We began by discussing a pretty result from Carver Meade's analog vlsi group. Al Barr et. al. found a way to perform gradient descent using a noise source, two differentiators, an integrator, and a multiplier. The paper is almost self-explanatory, and many of us gave one-line summaries of The Point, although two issues of contention arose:
- why noise? It allows for the most perfect matched filter in order to synchronously detect the gradient. Any other signal would do, but with varying degrees of success because they might lose information (if they lacked a certain spectral component) or not dominate dy/dt (if they didn't have sharp enough slope at all points). Matched filtering with noise is difficult unless you use the noise right then and there, and perform analogous transforms on both components.
- what does the analog hardware do? The important thing to remember is that although the math works out perfectly, there is no such thing as a perfect integrator/differentiator/averager, and the analog vlsi components must simply be good approximations of these components. It is nice that the system works, but not much can be said beyond that.

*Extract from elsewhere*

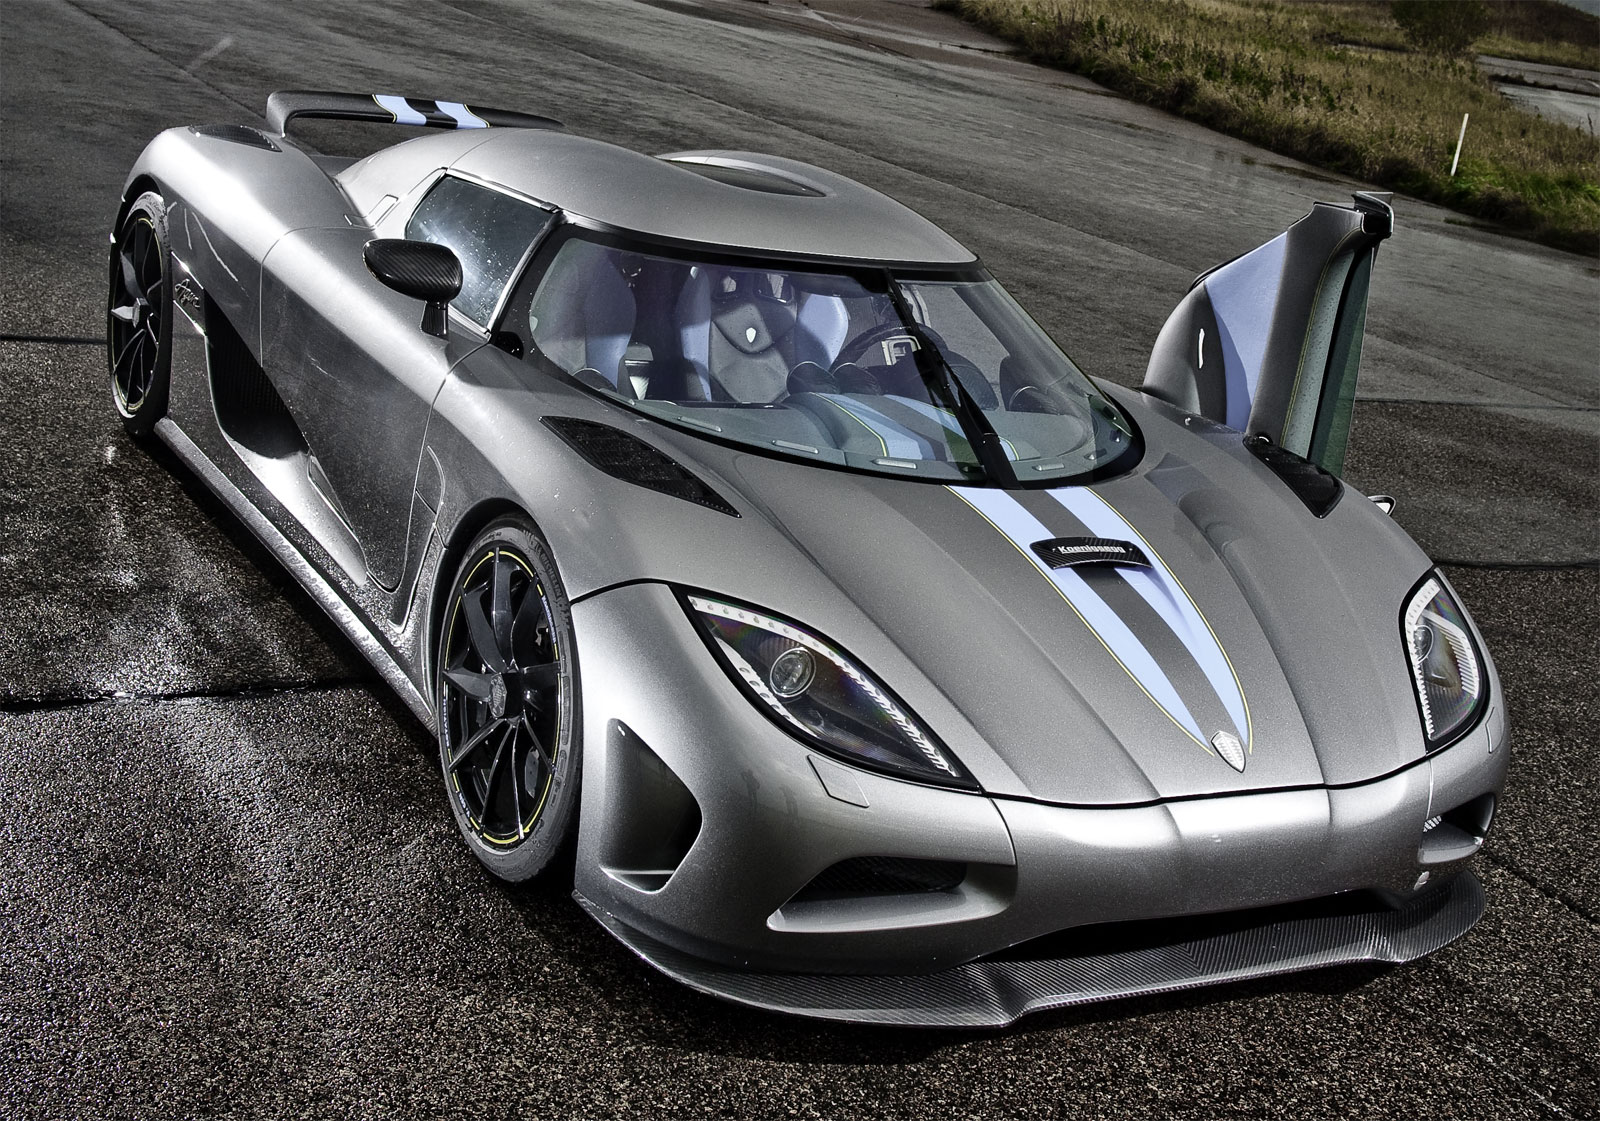 Amazing Koenigsegg Agera Pictures & Backgrounds

We then began discussing the paper by Barron. We really need to read it in more depth, despite the good intentions of several people to disassociate the technical nature of the proof from insight into how it works. The Point was not clear, although several conclusions were easily Several significant points include:
- The conclusion. We knew something like this all along, from Bishop. If the first moment of the Fourier transform is bounded = Cf, then n functions with internally varying parameters can approximate a function to within Cf^2/n, whereas a linear superposition can only approach Cf/d (1/n)^1/d. This has profound implications for why neural networks are so good. Key points: this works for *all* functions in a convex set in function space, and is not a mere average-case scenario (despite the use of the WLLN in the proof), and has to do with the 'smearing-out' that the internal parameters can do. Keep in mind the nonlinear nature of diodes and other physical devices when considering such theorems: *how could I actually build something that does this?* The first example, the gradient descent using noise, and the Barron paper, are not entirely unlinked.

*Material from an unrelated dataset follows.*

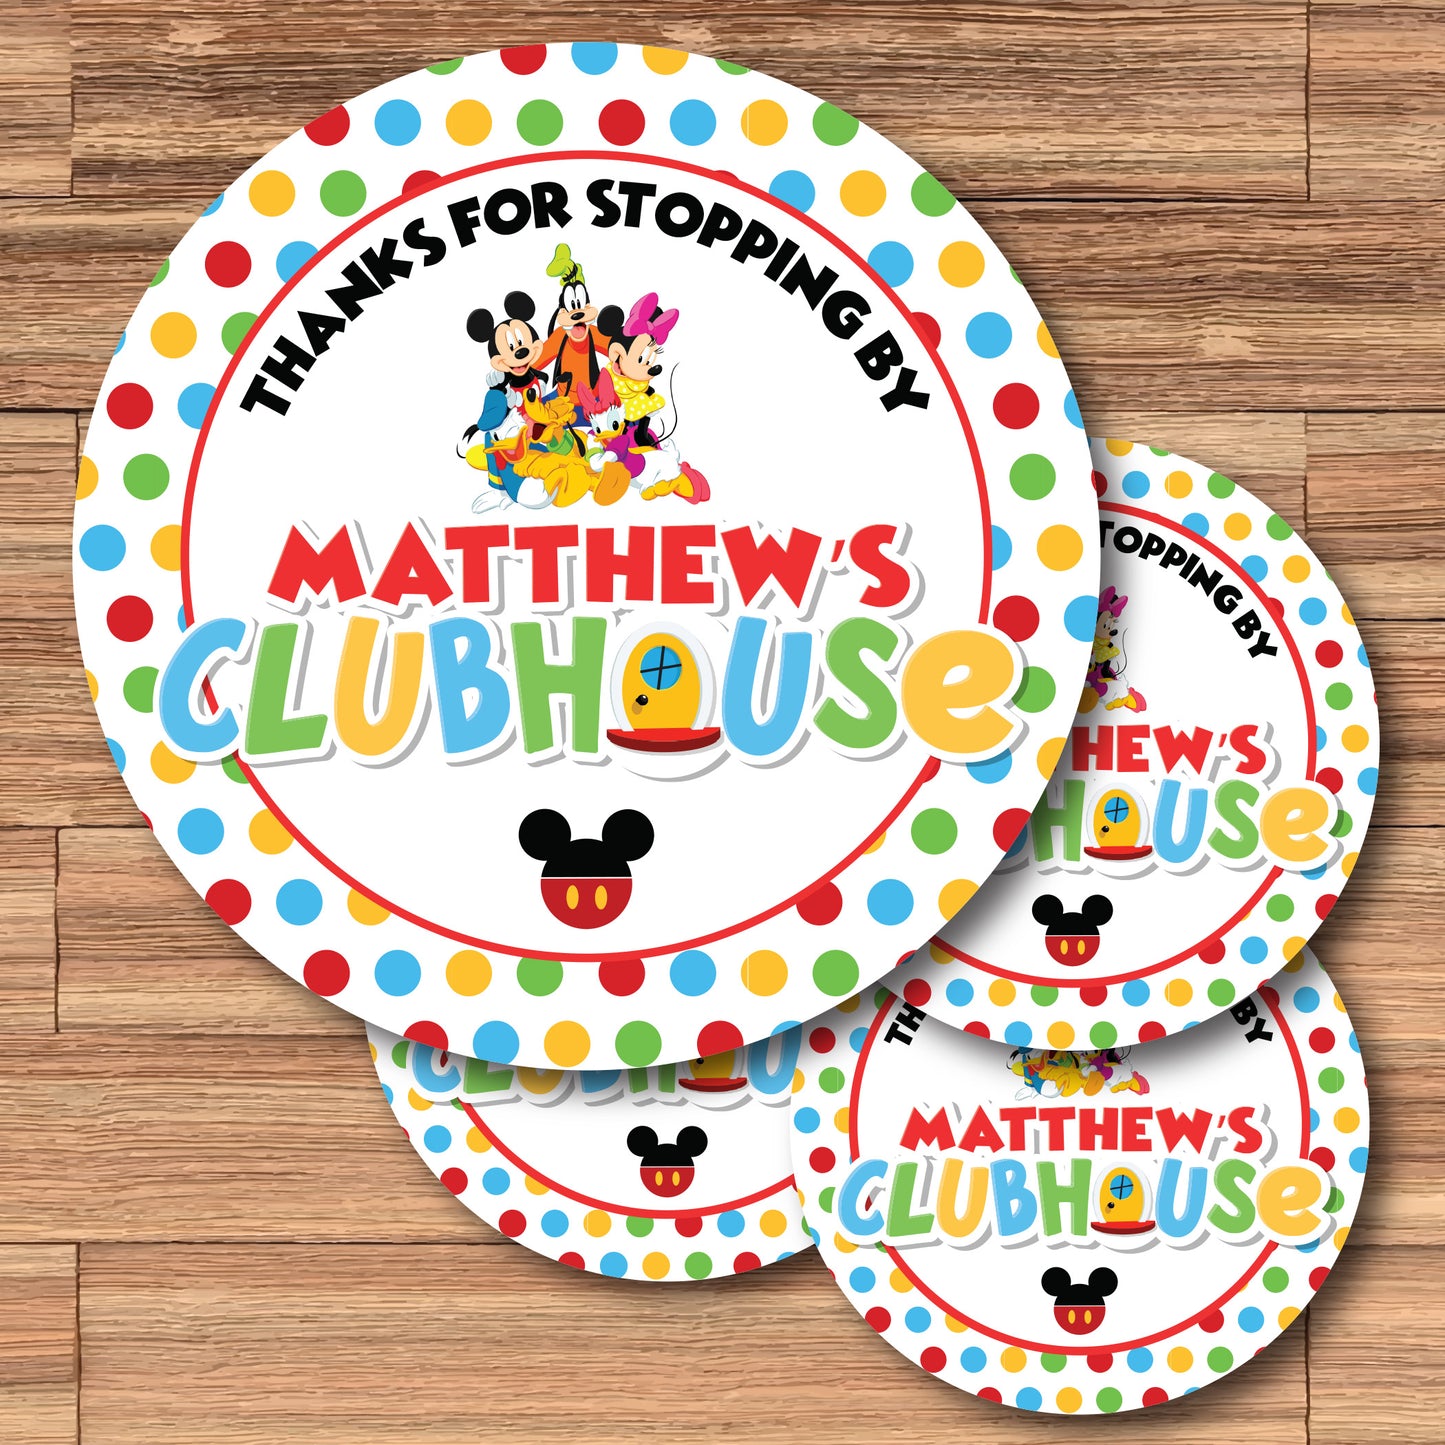 MICKEY MOUSE CLUBHOUSE Personalized Stickers for Gift Bags, Party Favors! Printed or Digital

- We resolved that sinusoids, sigmoids, etc. are equally powerful in the Cf-L2 sense that Barron uses. Bernd wisely observed that this does not always hold for real-life problems. Sigmoids and RBFs are better than mere sinusoids in almost all NN problems. This is because the probability measure defined over the set of 'smooth functions' is not very well-defined; using the trivial distribution is probably not a very useful thing to do.
- We observed that the term 'exponential expressiveness,' which everyone is much fond of tossing around, is useless unless we do some real work explaining what it really is.

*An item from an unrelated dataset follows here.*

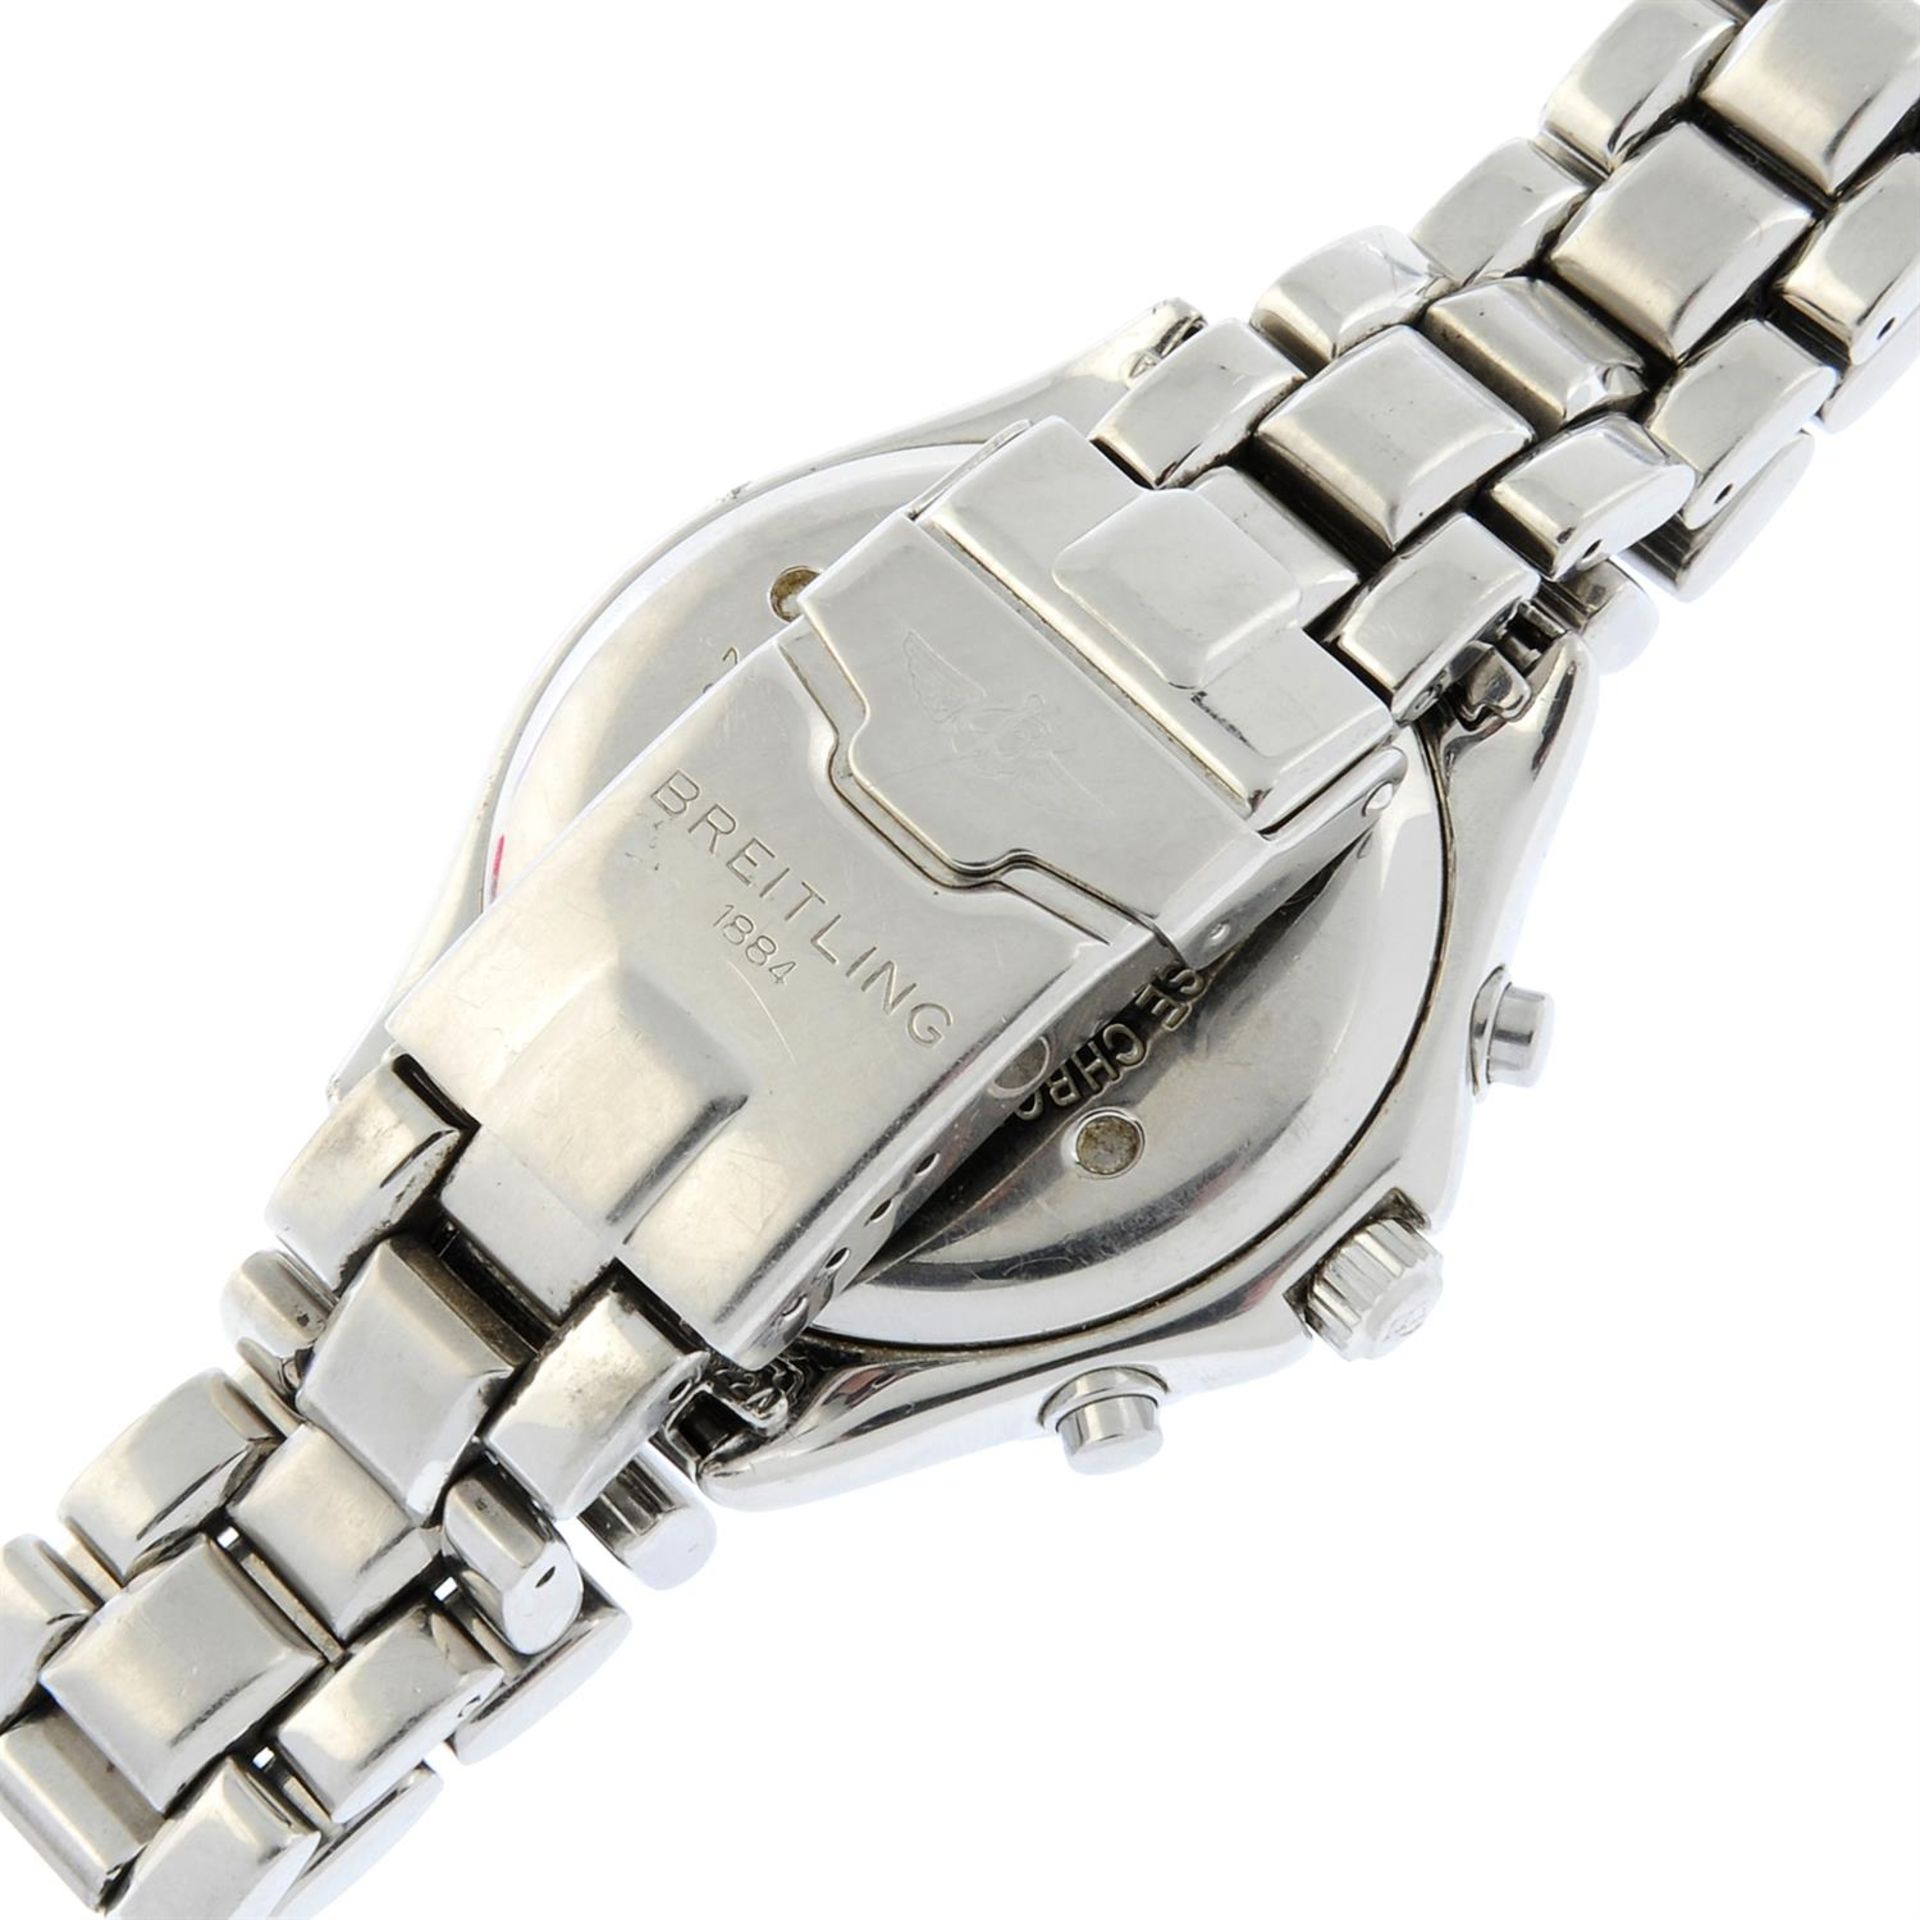 BREITLING - a stainless steel Chrono Colt chronograph bracelet watch, 38mm. - Image 2 of 4

- We observed that there is an exponential constraint on the smoothness. Say that my deviation along any one dimension is k. Then Cf ~ k^d, e.g. my one-D deviation must go down exponentially as my dimension increases. We note, however, that under the same circumstances the linear case fares far worse. We also discussed the search process -- e.g., the linear case is essentially a series of projections which can be done in linear time (or, for the matrix case, n^3).
- We noted the definition of Hilbert space and asked the Dirac question.
- Quantum mechanics offers a square root speedup, although internal parametrization offers an exponential decrease in the number of functions needed. How does this affect the best computer on earth.
- We discussed Kirkpatricks 'hard problems'. We discusses how reparametrizing the variables and the measures could make hard problems seem easy. Discussed 'natural measures.'
- Bernd: 'in practice...'
- Quick discussion of EM algorithm, error surfaces, and other stuff. Mentioned Tad Hogg, structured search. Mentioned spin glasses.
Finally an effort was made to rephrase a simple question, "How can one do an information theoretic representation of the Barron result?" The remainder of the session was a flurry of attempts to define not much. I will summarize:
- How can one link entropy with the moment of the Fourier distribution?
- Answer: not obvious. We must decide on some probability measure that suggests a good way to do this.
- Hint: uniform continuity and generalizations thereof.
- Is the nonlinear basis more powerful than the linear basis in the infinite limit?
- Can we operate in a stochastic fashion?
- Should we discard dynamics and proceed after this fashion.
Ben had some interesting diagrams which I will not put up here, as well as an interesting analysis of the problem of analyzing a frequency spectrum.
Things to do: read Bennett's packet.
Things for me to do: Write to Bennett. Reinterpret Barron. Read Cover and Thomas 8, 9, 11, 12, 13, 16. Read Tad Hogg's structured search paper. Read Amari; review differential geometry and statistics. Review embedding and the topological description of dynamics. Scan measure theory and functional analysis. Spin glasses? Kirkpatrick's problem phase transition? (Check NMM reference)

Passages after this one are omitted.